Questions fréquentes
Quelles entreprises sont concernées par la convention collective métallurgie Rouen et Dieppe IDCC 1604 ?
Cette convention s'applique aux entreprises de métallurgie, mécanique générale, construction métallique et activités connexes situées dans les régions de Rouen et Dieppe. Elle couvre environ 15 000 salariés dans ces secteurs géographiques.

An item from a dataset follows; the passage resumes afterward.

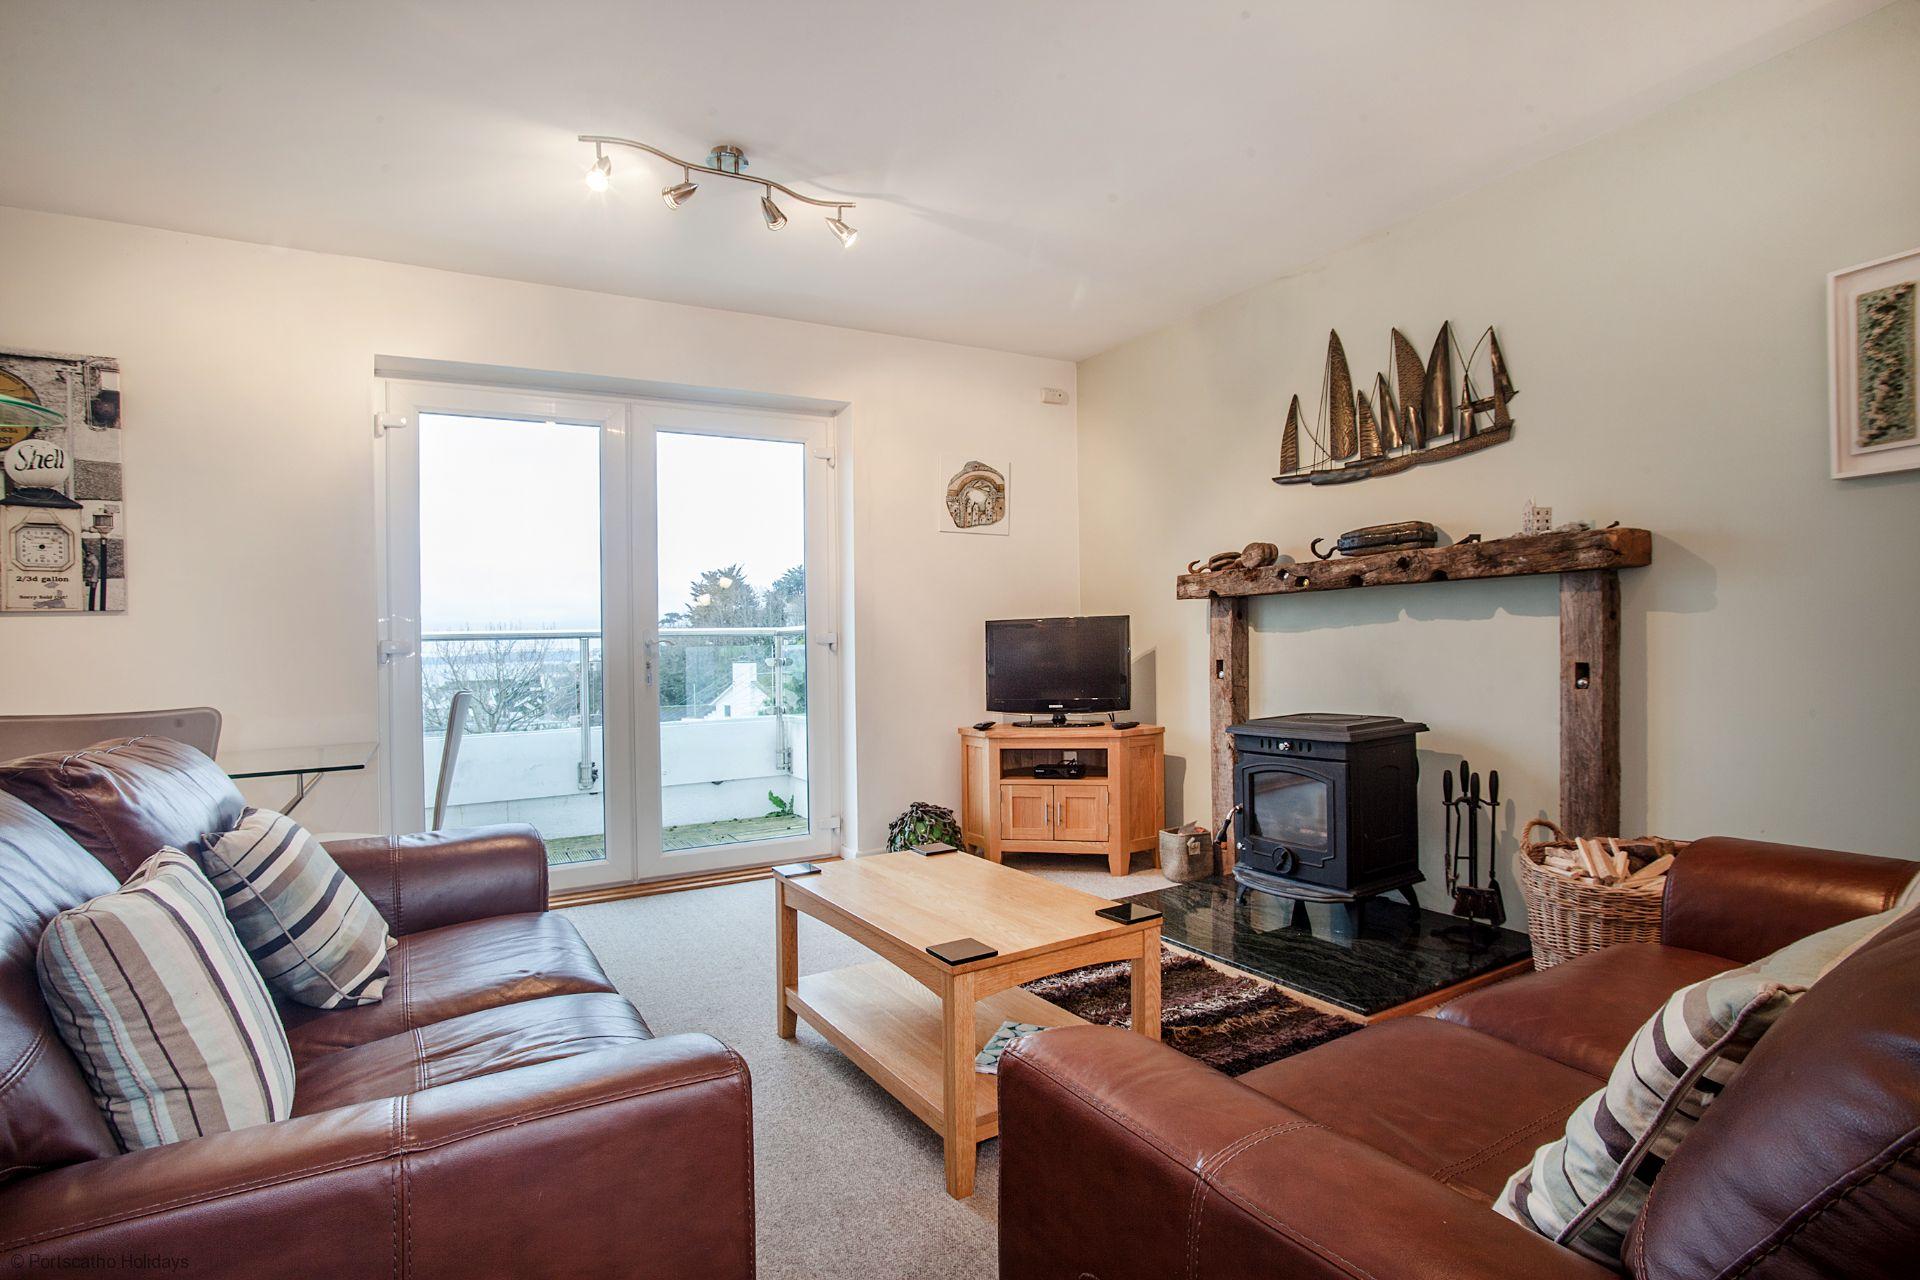 A Loft; St Mawes; Sitting Room

Quels sont les salaires minimums dans la convention métallurgie Rouen Dieppe ?
La grille comprend 5 niveaux avec des coefficients de 140 à 400. Le niveau I débute à 1 747€ brut mensuel, supérieur au SMIC. Les techniciens niveau III perçoivent au minimum 2 156€ brut mensuel.
Quelle est la durée du préavis de licenciement selon cette convention collective ?
Le préavis varie selon l'ancienneté : 1 mois pour moins de 6 mois d'ancienneté, 2 mois de 6 mois à 2 ans, et 3 mois au-delà de 2 ans d'ancienneté, soit des durées plus favorables que le Code du travail.